*Assignment*. Take the data below and write it out exactly, except for the pictures.

*Recorded data*.
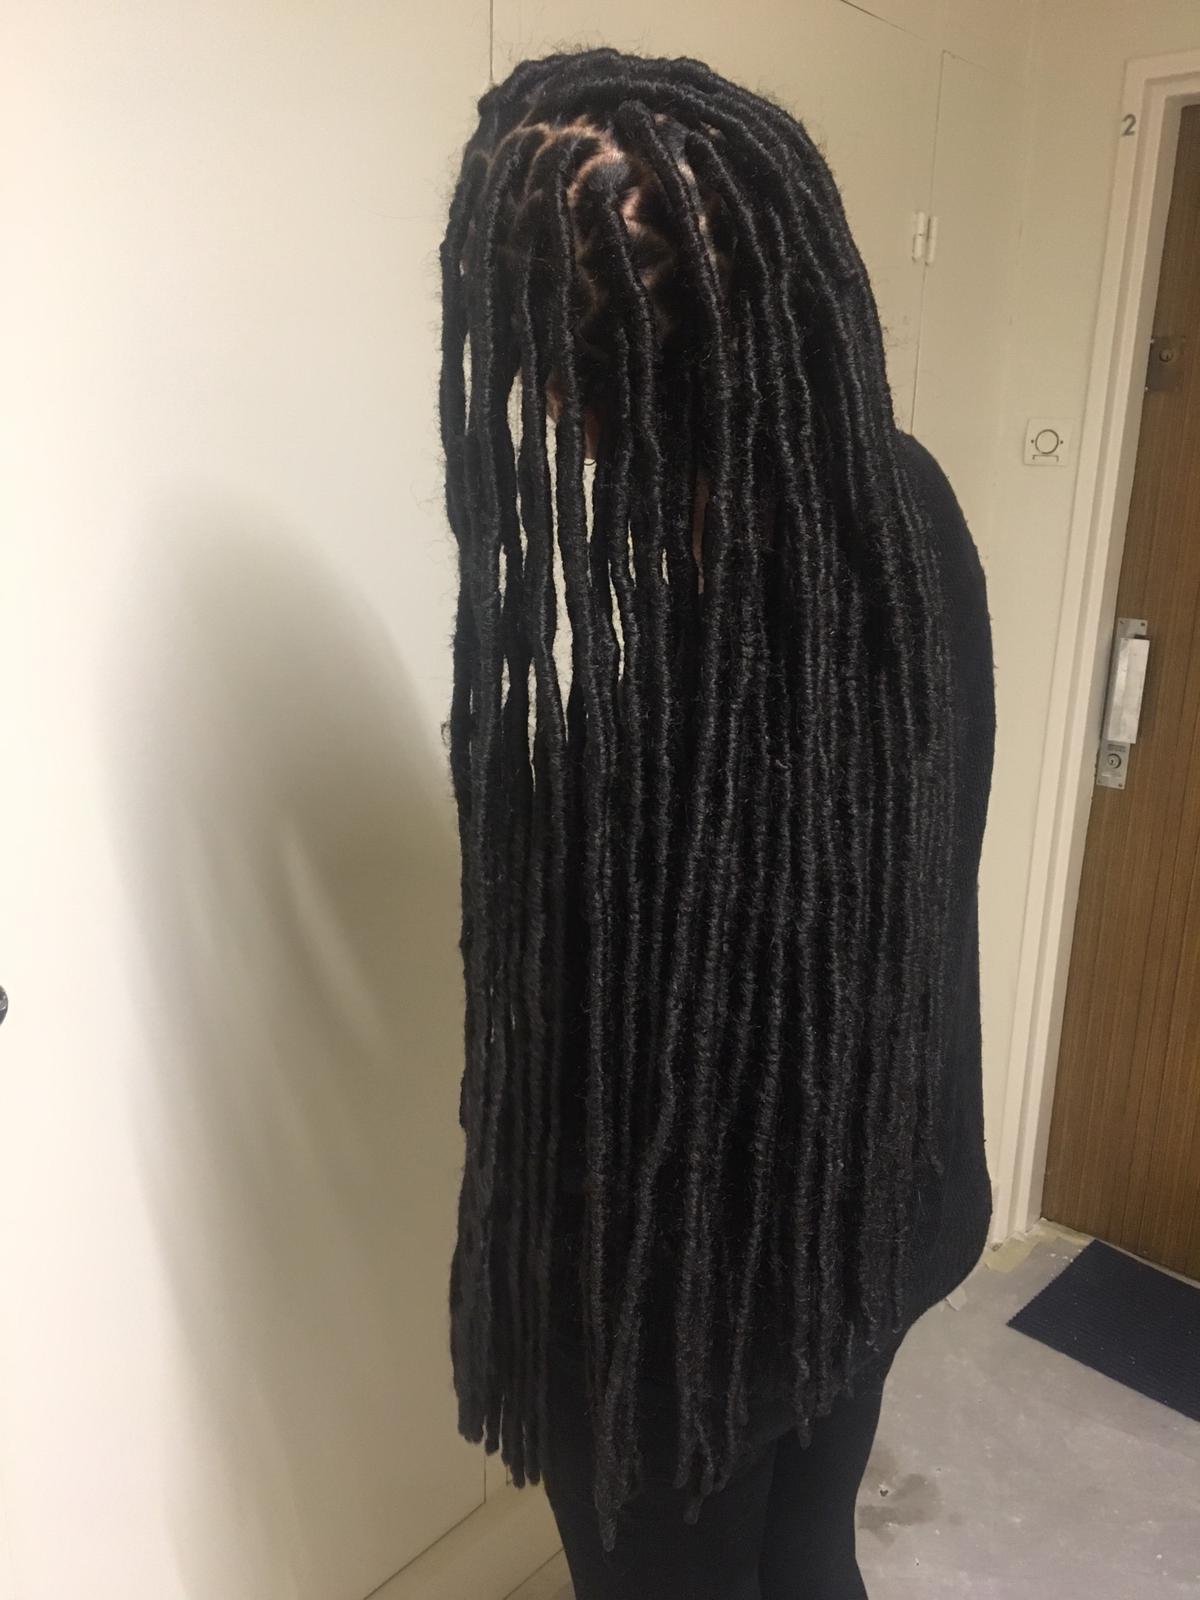 salon de coiffure afro tresse tresses box braids crochet braids vanilles tissages paris 75 77 78 91 92 93 94 95 YFLOMDIY
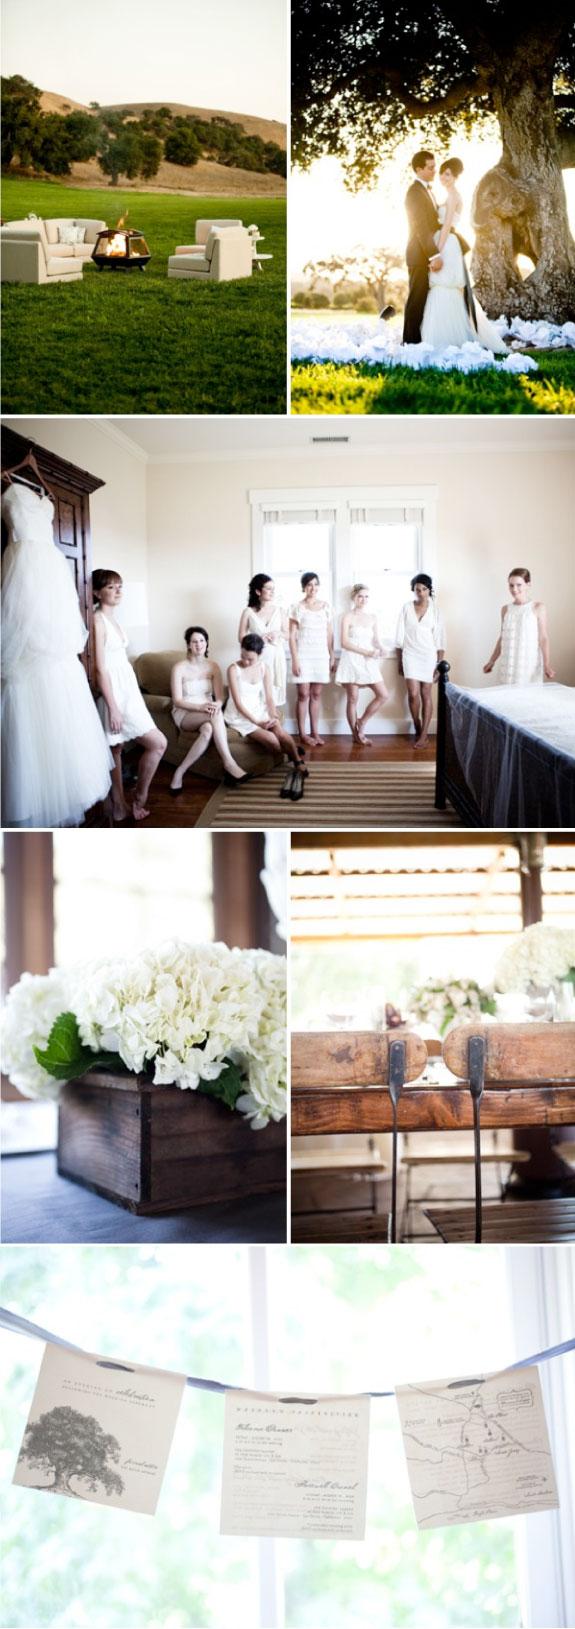 Ślub w neutralnych kolorach czerni, bieli i szarości
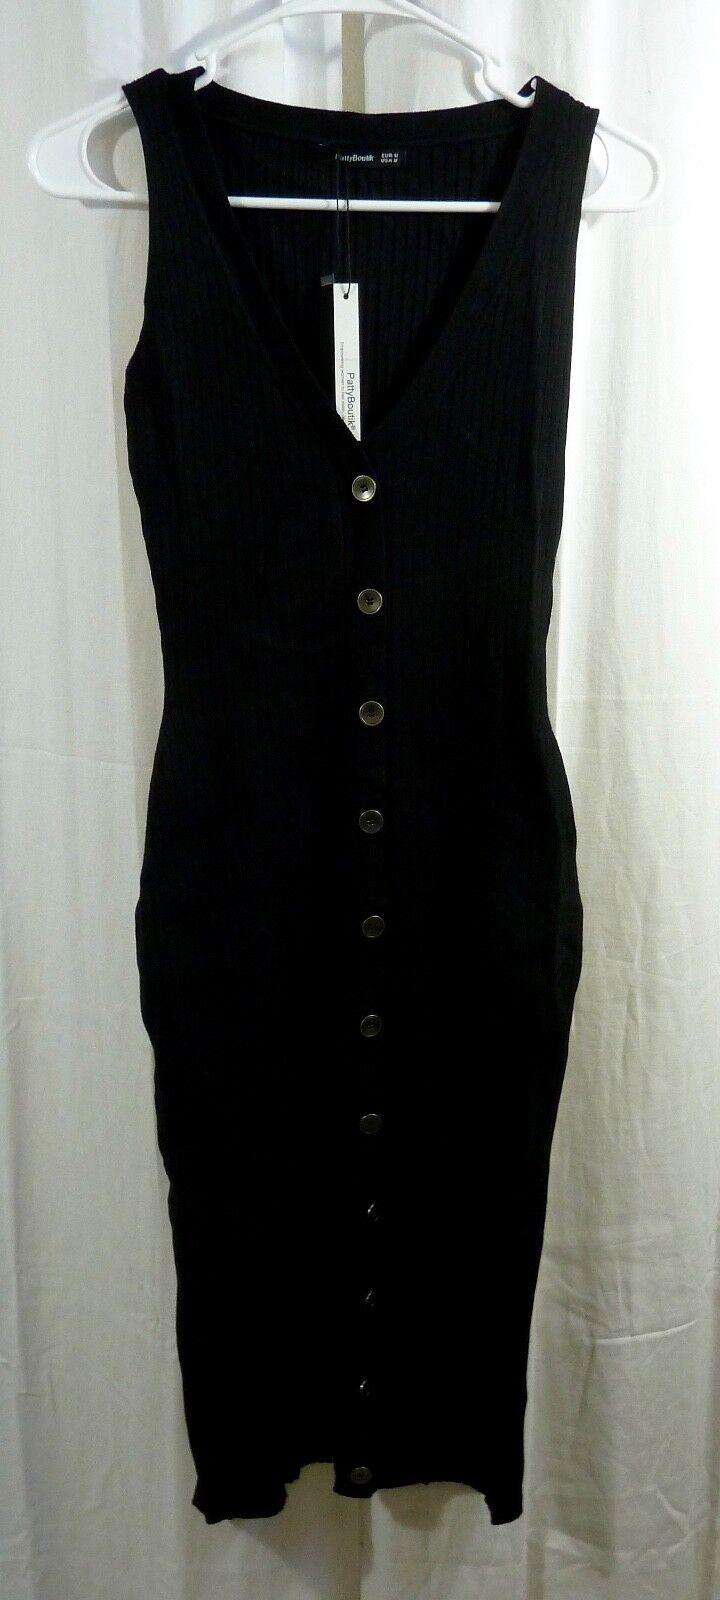 PattyBoutik damen's V Neck Sleeveless Knit Dress schwarz Größe Medium

*Answer box*.
 salon de coiffure afro tresse tresses box braids crochet braids vanilles tissages paris 75 77 78 91 92 93 94 95 YFLOMDIY
 Ślub w neutralnych kolorach czerni, bieli i szarości
 PattyBoutik damen's V Neck Sleeveless Knit Dress schwarz Größe Medium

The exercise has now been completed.